* WORK INSTRUCTION:
The listing below is to be copied exactly, with pictures excluded.

* SOURCE RECORDS:
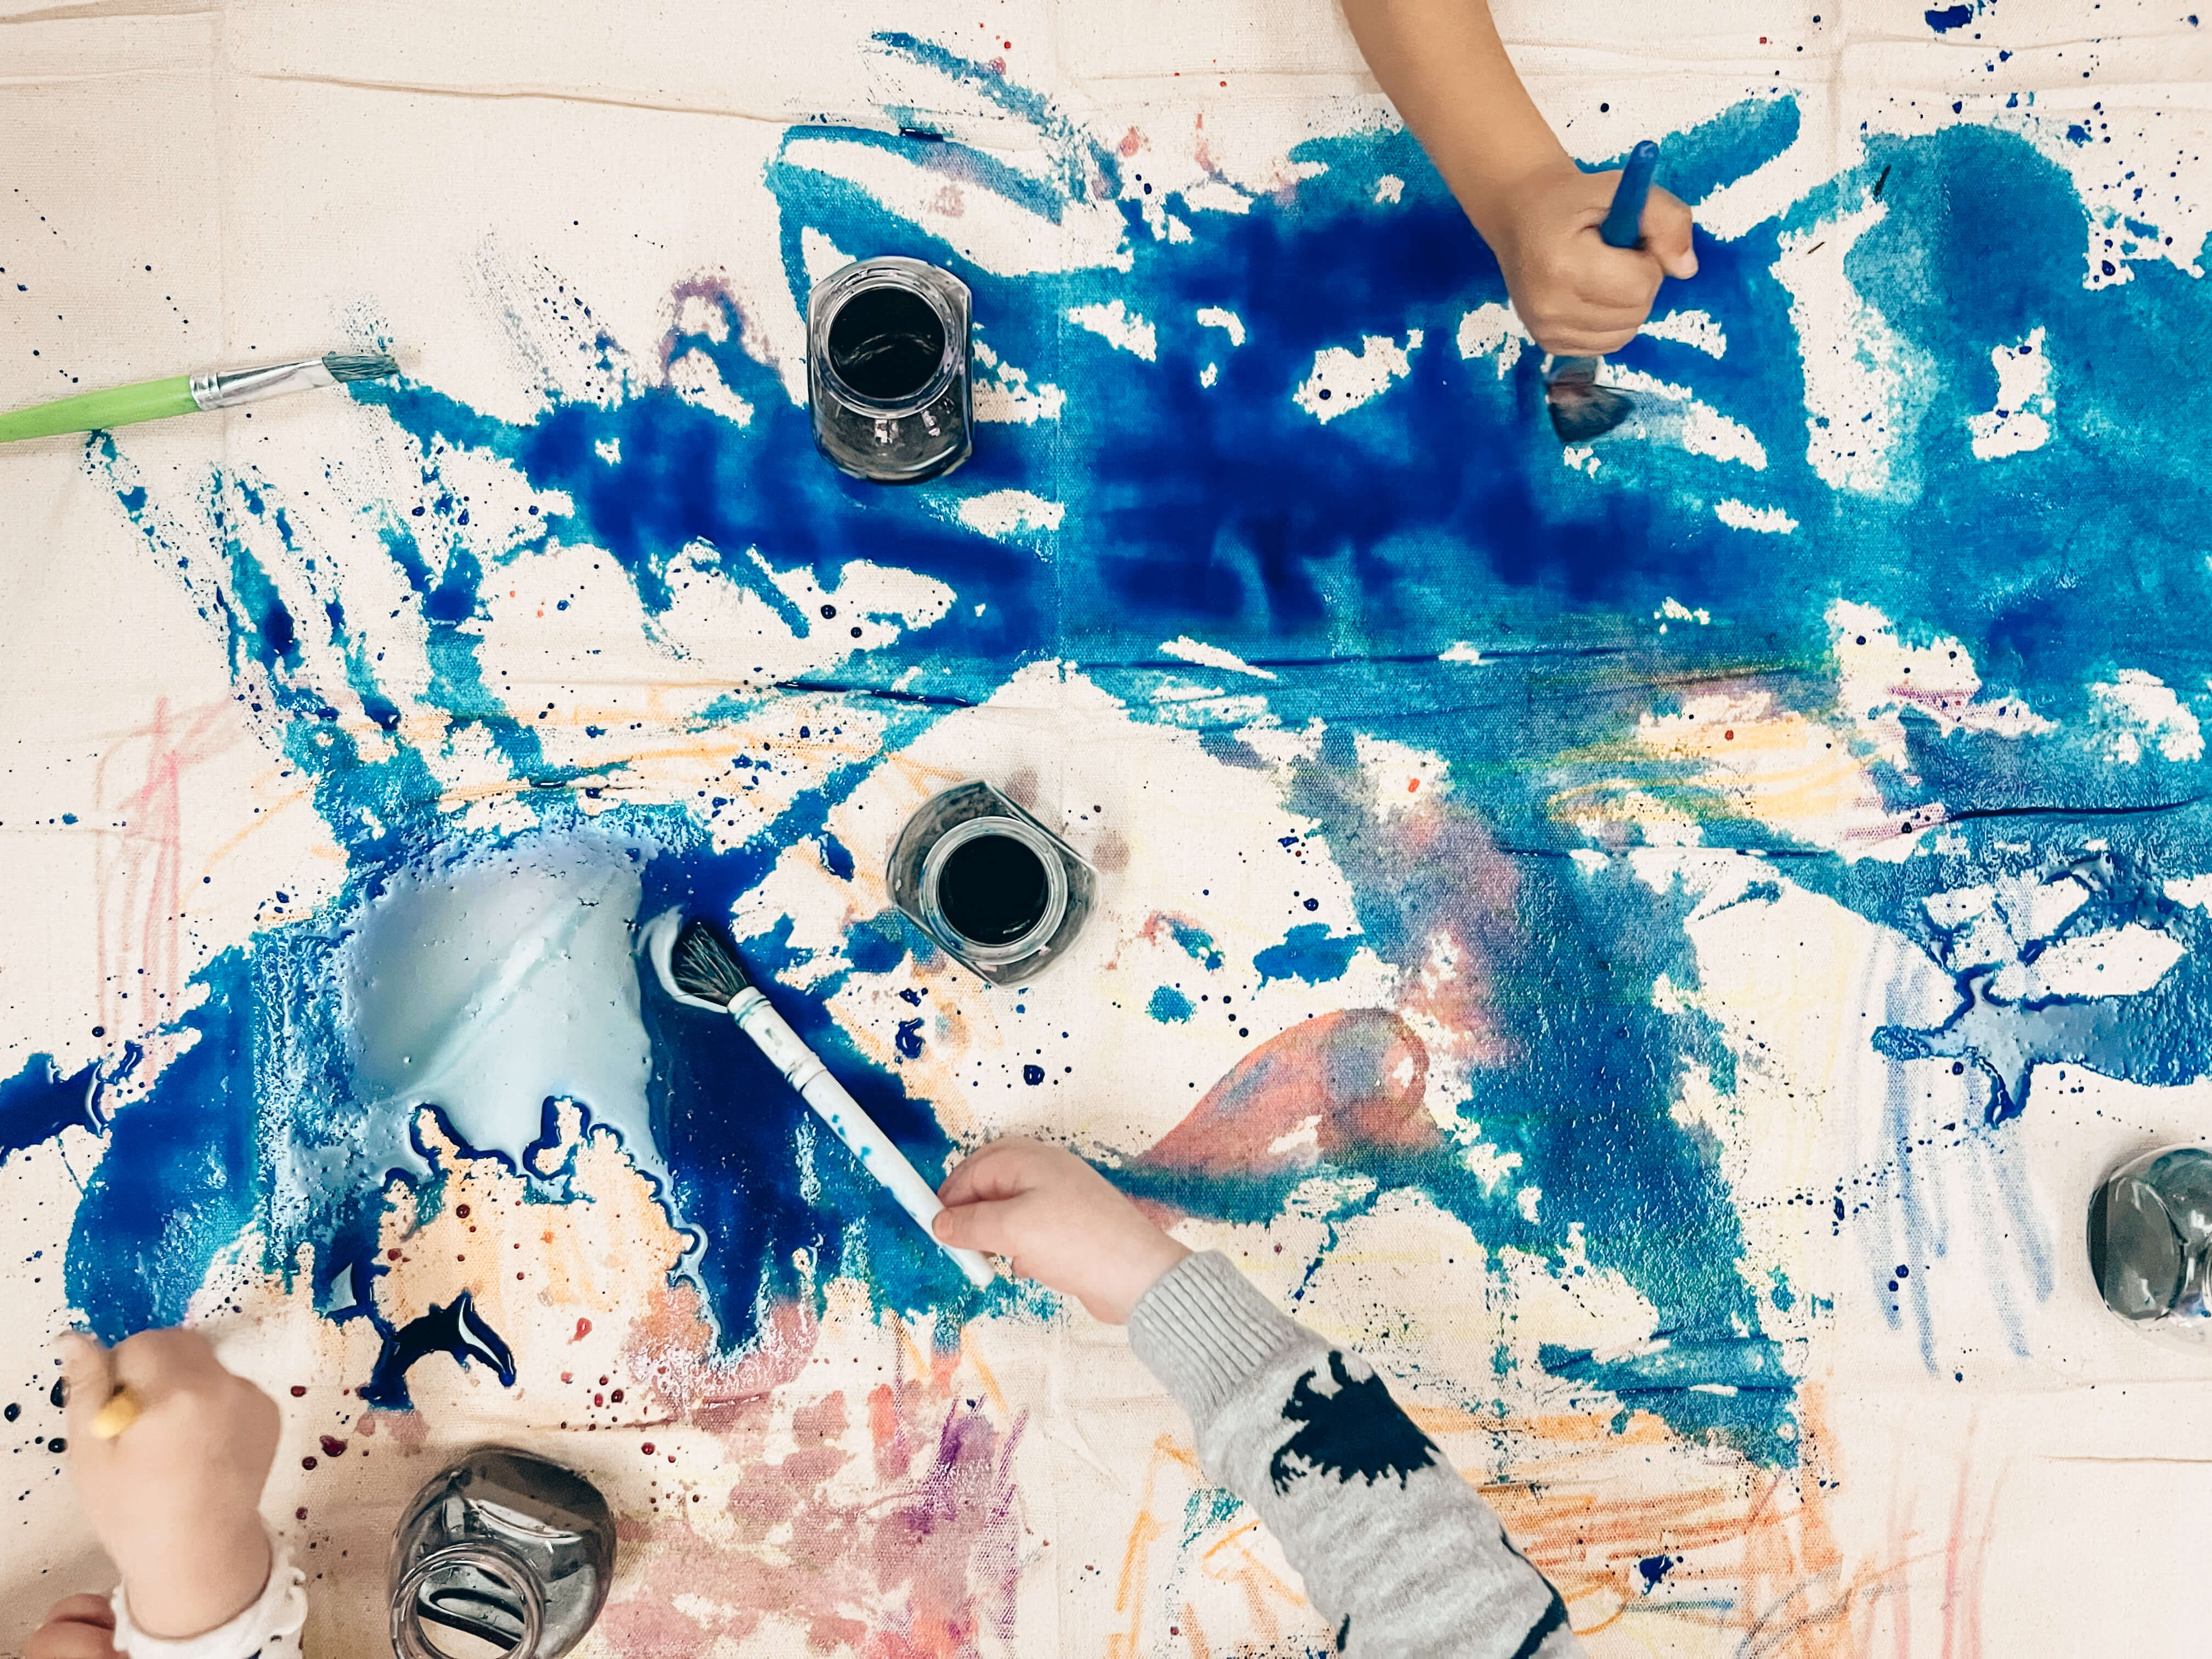 Children expressing themselves through art using paintbrushes
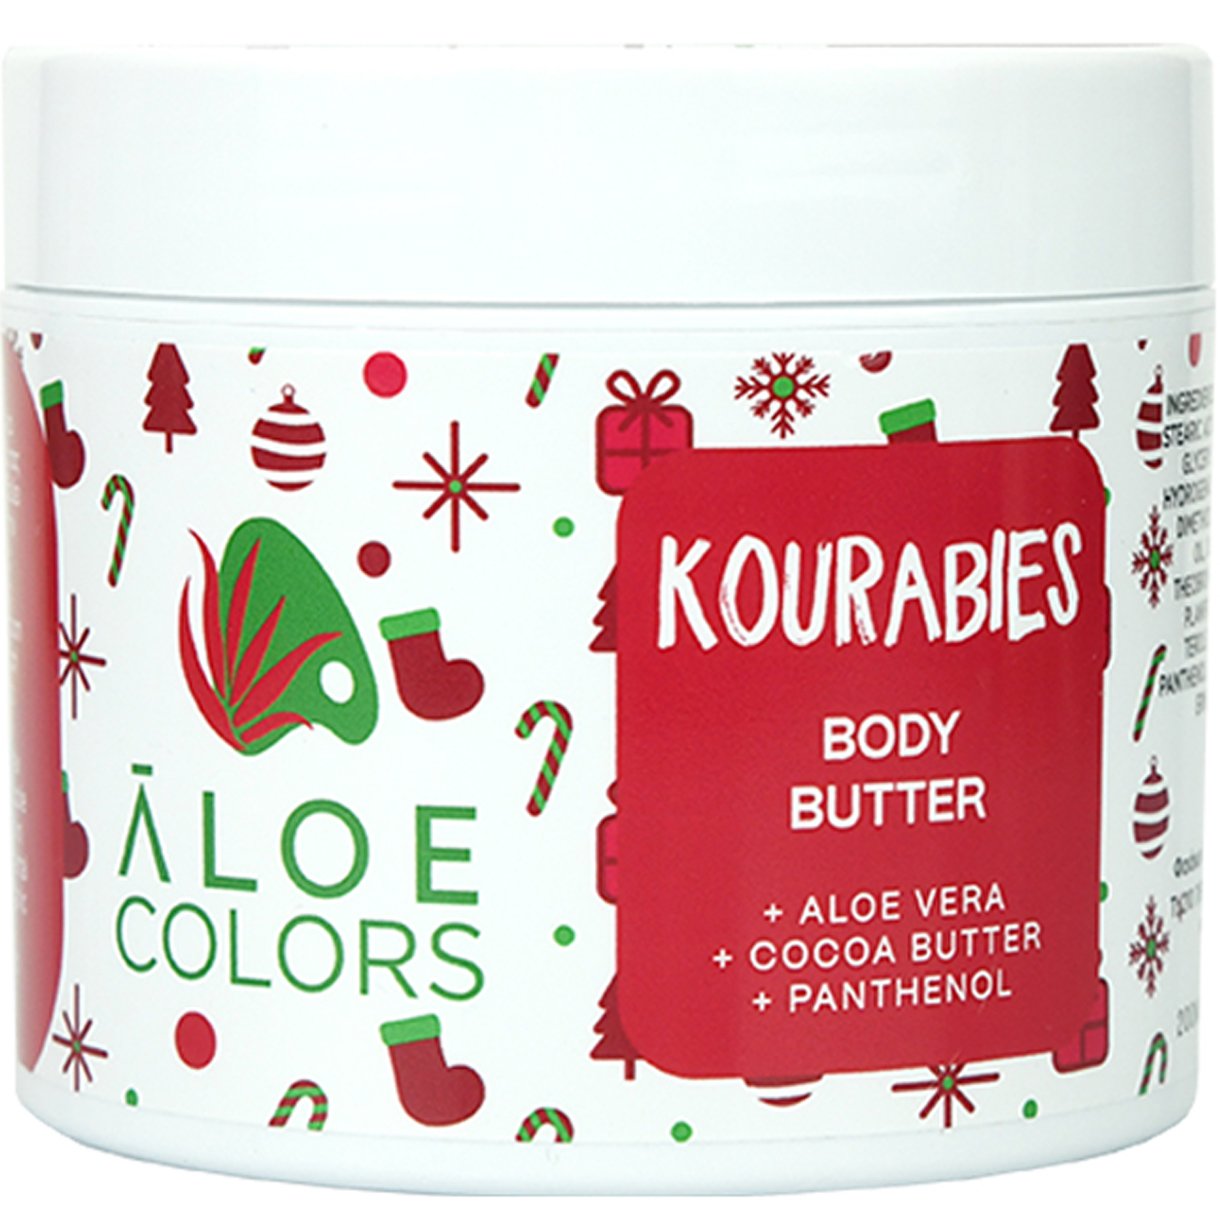 Aloe Colors Body Butter Kourabies Ενυδατικό Βούτυρο Σώματος με Οργανική Αλόη & Χριστουγεννιάτικο Άρωμα 200ml
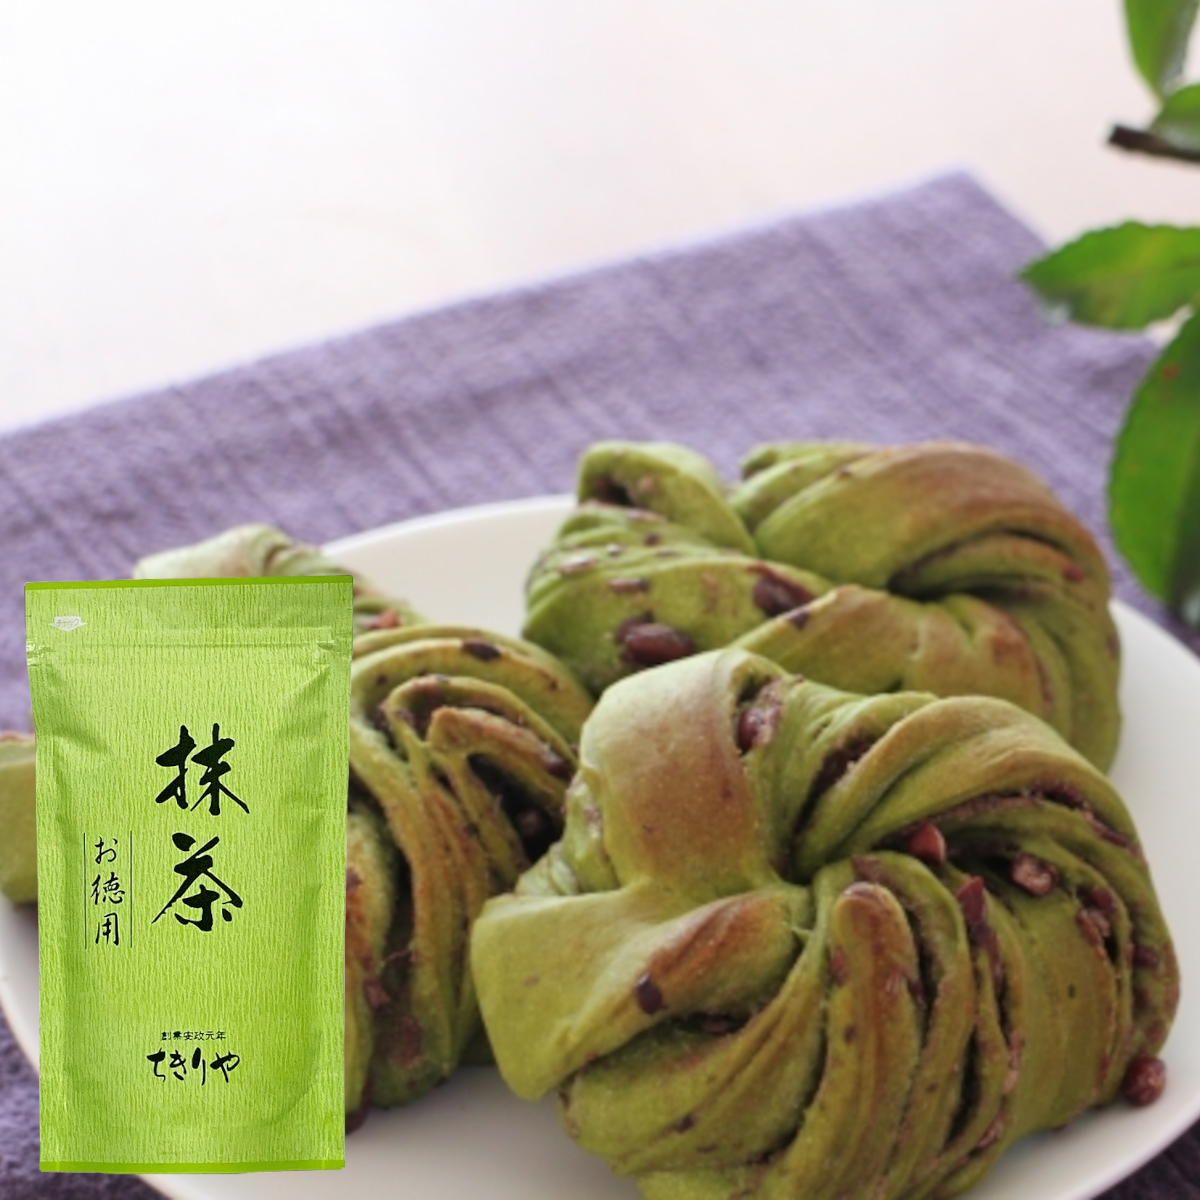 Kyoto-Uji Matcha - 150g green tea powder
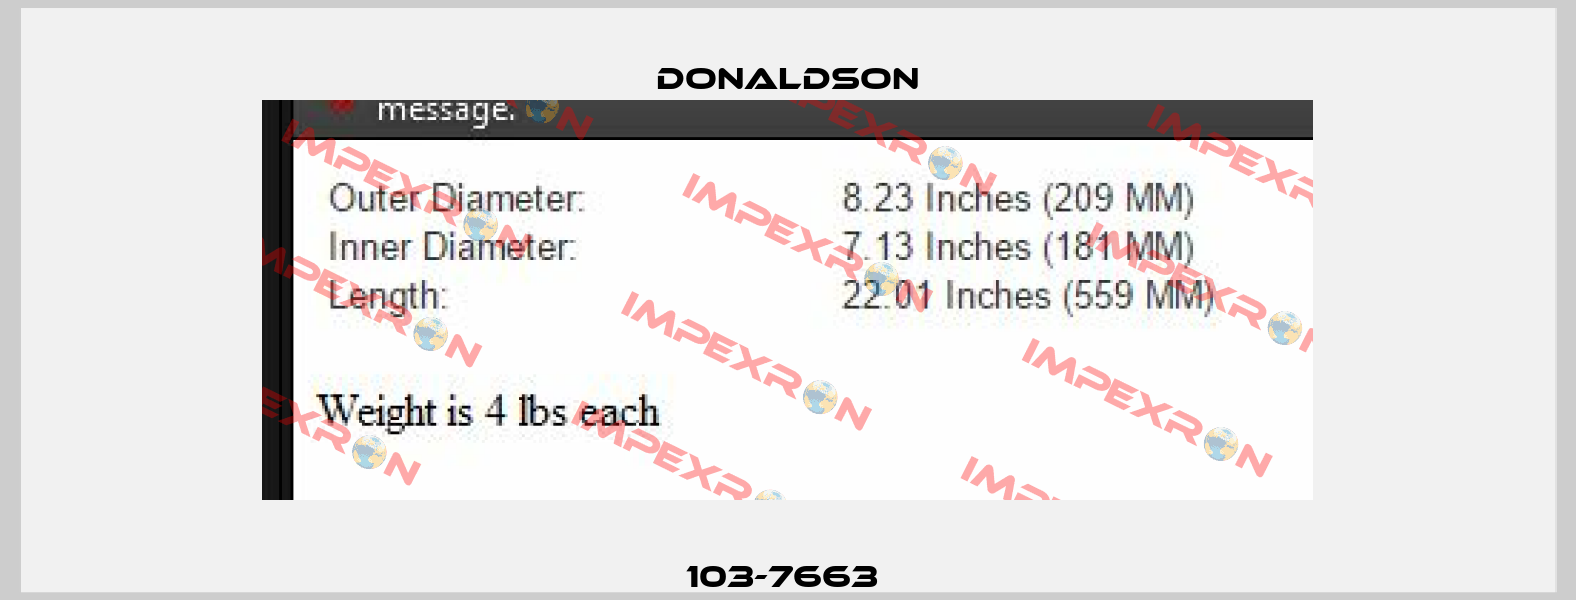 103-7663  Donaldson
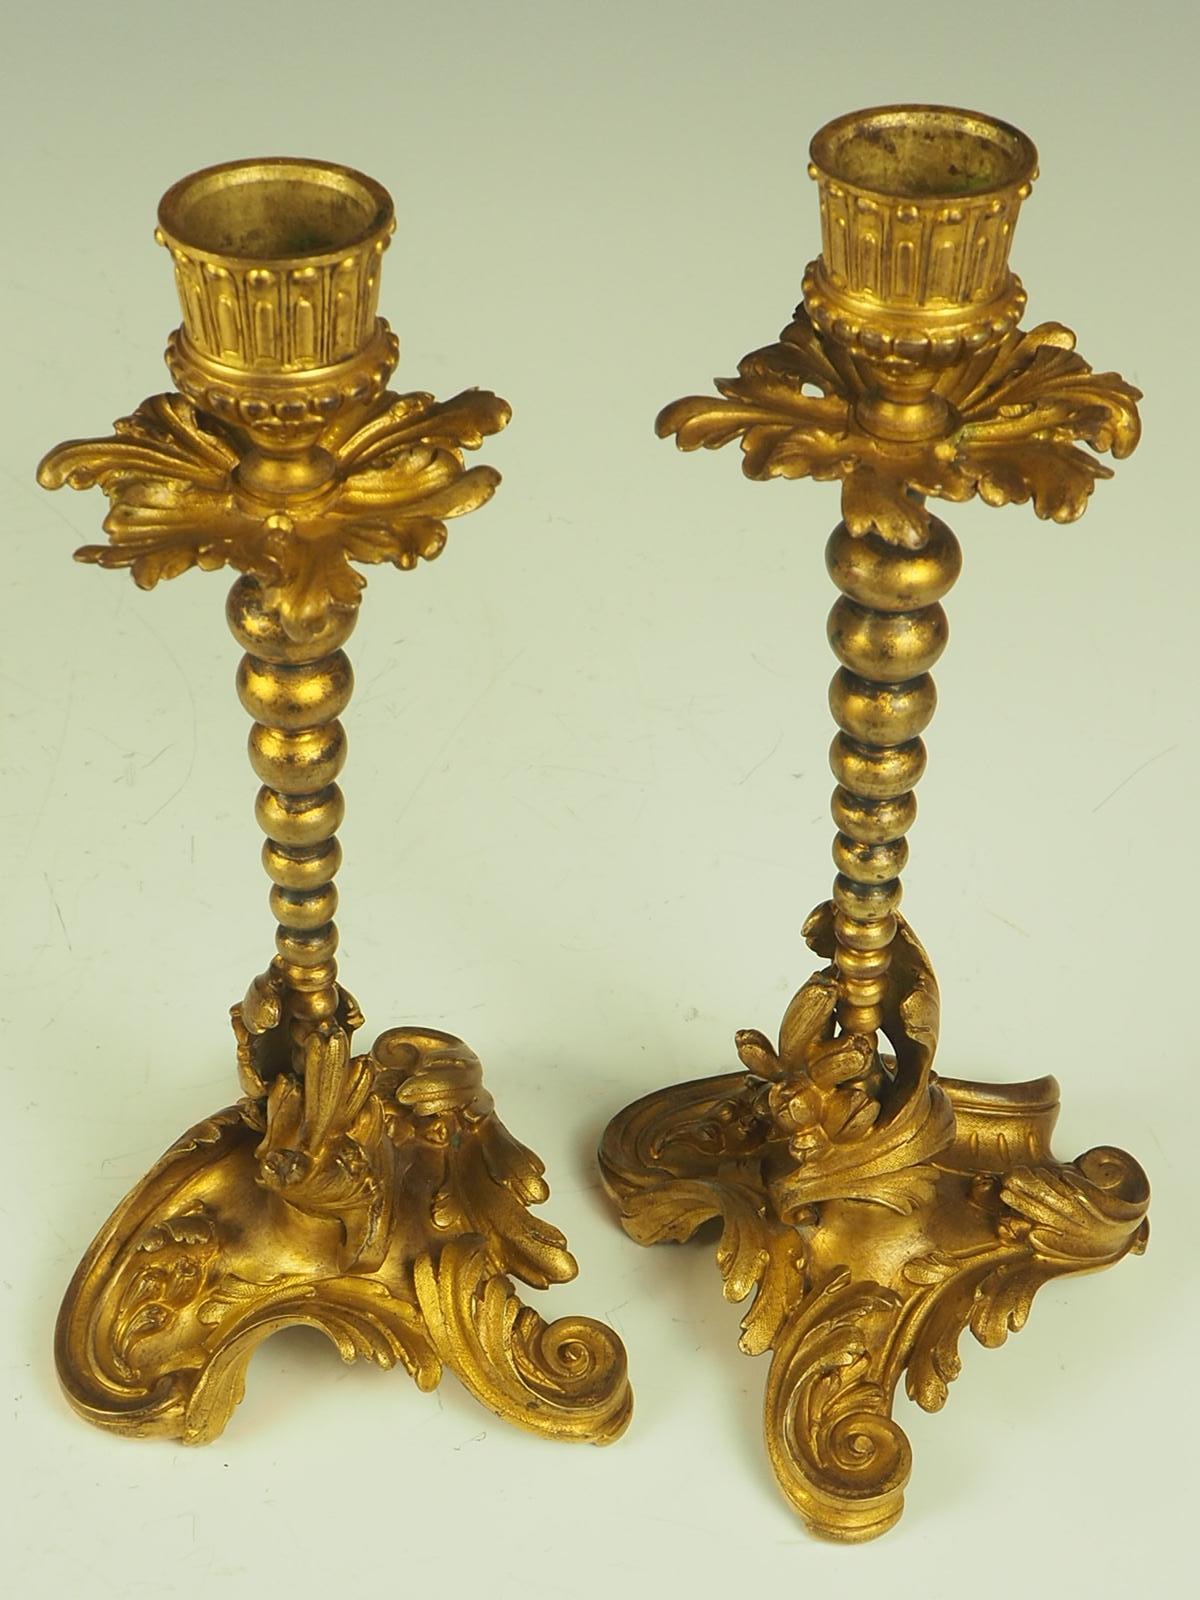 French Pair of Henri Picard Gilt Bronze Candlesticks, circa 1850

* TASK OUTPUT:
 Children expressing themselves through art using paintbrushes
 Aloe Colors Body Butter Kourabies Ενυδατικό Βούτυρο Σώματος με Οργανική Αλόη & Χριστουγεννιάτικο Άρωμα 200ml
 Kyoto-Uji Matcha - 150g green tea powder
 103-7663  Donaldson
 French Pair of Henri Picard Gilt Bronze Candlesticks, circa 1850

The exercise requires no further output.